Third-quarter growth cut on weak inventories
WASHINGTON (Reuters) - The U.S. economy grew more slowly than previously estimated in the third quarter, but a drawing down of stocks held by companies and firm consumer spending suggested output would pick up in late 2011.
Gross domestic product grew at a 2.0 percent annual rate in the July-September quarter, the Commerce Department said in its second estimate on Tuesday, down from the previously reported 2.5 percent.
While the pace of growth was weaker than economists had expected, the composition of the report, particularly still-firm consumer spending and the first drop in businesses inventories in nearly two years, set the stage for a stronger performance in the final months of the year.

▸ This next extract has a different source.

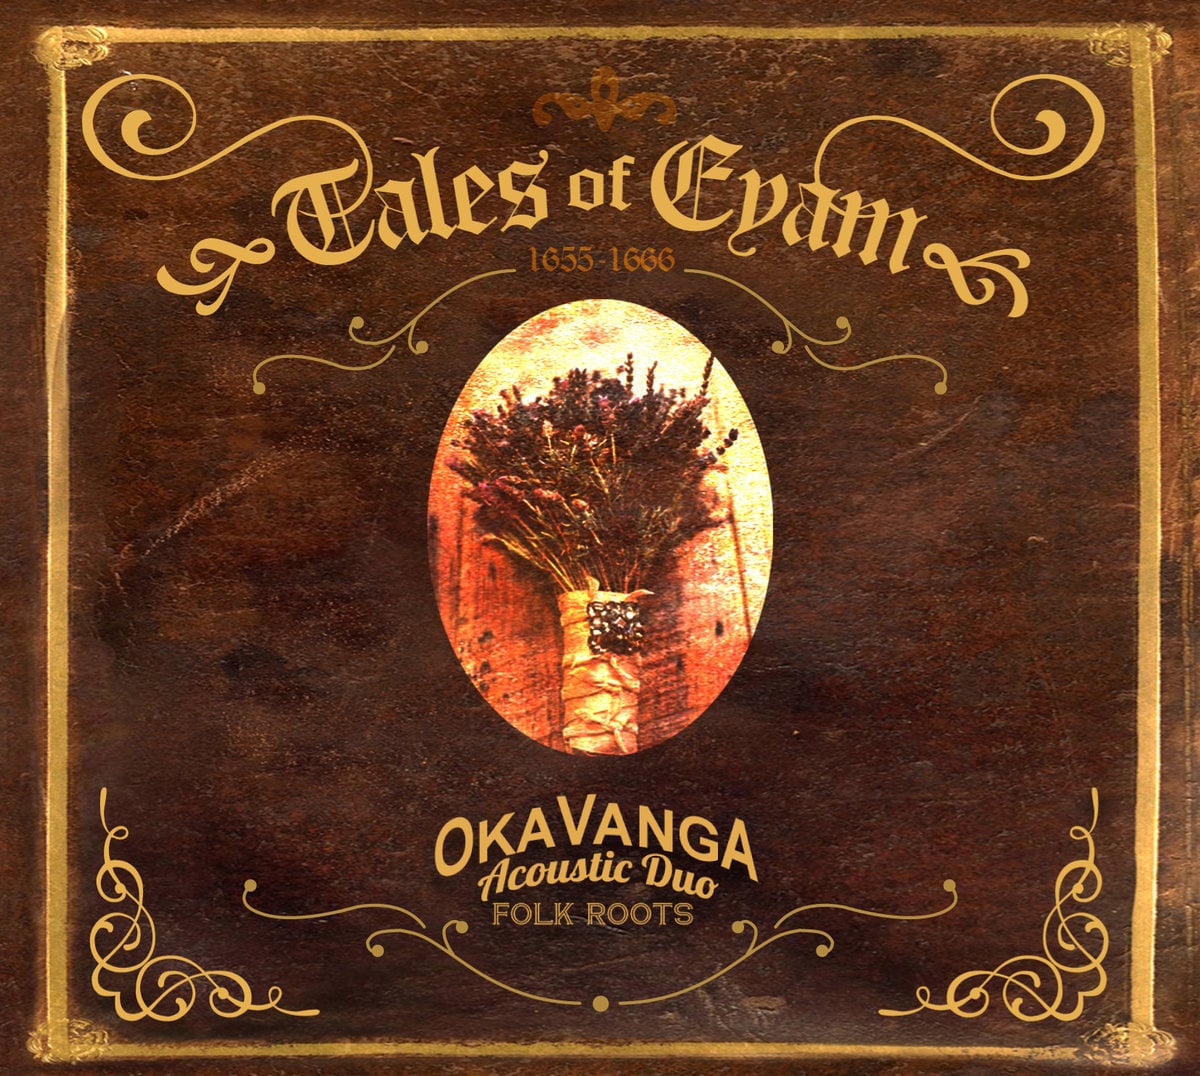 Tales of Eyam EP - Oka Vanga

A deterioration in consumer sentiment likely had led businesses to anticipate weaker demand. With consumer spending showing resilience, analysts said they will now have to rebuild inventories, keeping factories busy.
"The mix or composition of growth improved. Inventory investment was lower so firms are more likely to produce more goods going forward. And exports rose," said Cary Leahey, a senior economist at Decision Economics in New York.
"So while you lost a half-percentage point in the revision to third-quarter growth, you might easily get it back in the fourth quarter of this year or the first quarter of next."
Data so far suggest the fourth-quarter growth pace could exceed 3 percent, which would be the fastest in 18 months.
U.S. stocks closed down for a fifth straight day as borrowing costs in Spain scaled another record high, underscoring the magnitude of the euro zone debt crisis.
Prices for long-dated U.S. Treasury debt rallied, while the dollar was little changed against a basket of currencies.
INVENTORIES A DRAG
Despite the downward revision, last quarter's growth is still a step up from the April-June period's 1.3 percent pace.
The government revised third-quarter output to account for an $8.5 billion drop in business inventories, the first decline since the fourth quarter of 2009.
The drop in inventories lopped off 1.55 percentage points from GDP growth, which was partly offset by strong exports.
Excluding inventories, the economy grew at an unrevised brisk 3.6 percent pace after expanding 1.6 percent in the second quarter.
Consumer spending was taken down a notch to a 2.3 percent growth pace from 2.4 percent, but remained the quickest pace since the fourth quarter of 2010.
But weak income growth could crimp spending going forward. Taking inflation into account, disposable income fell at a steeper 2.1 percent rate instead of 1.7 percent, the report showed. It had declined 0.5 percent in the prior three months.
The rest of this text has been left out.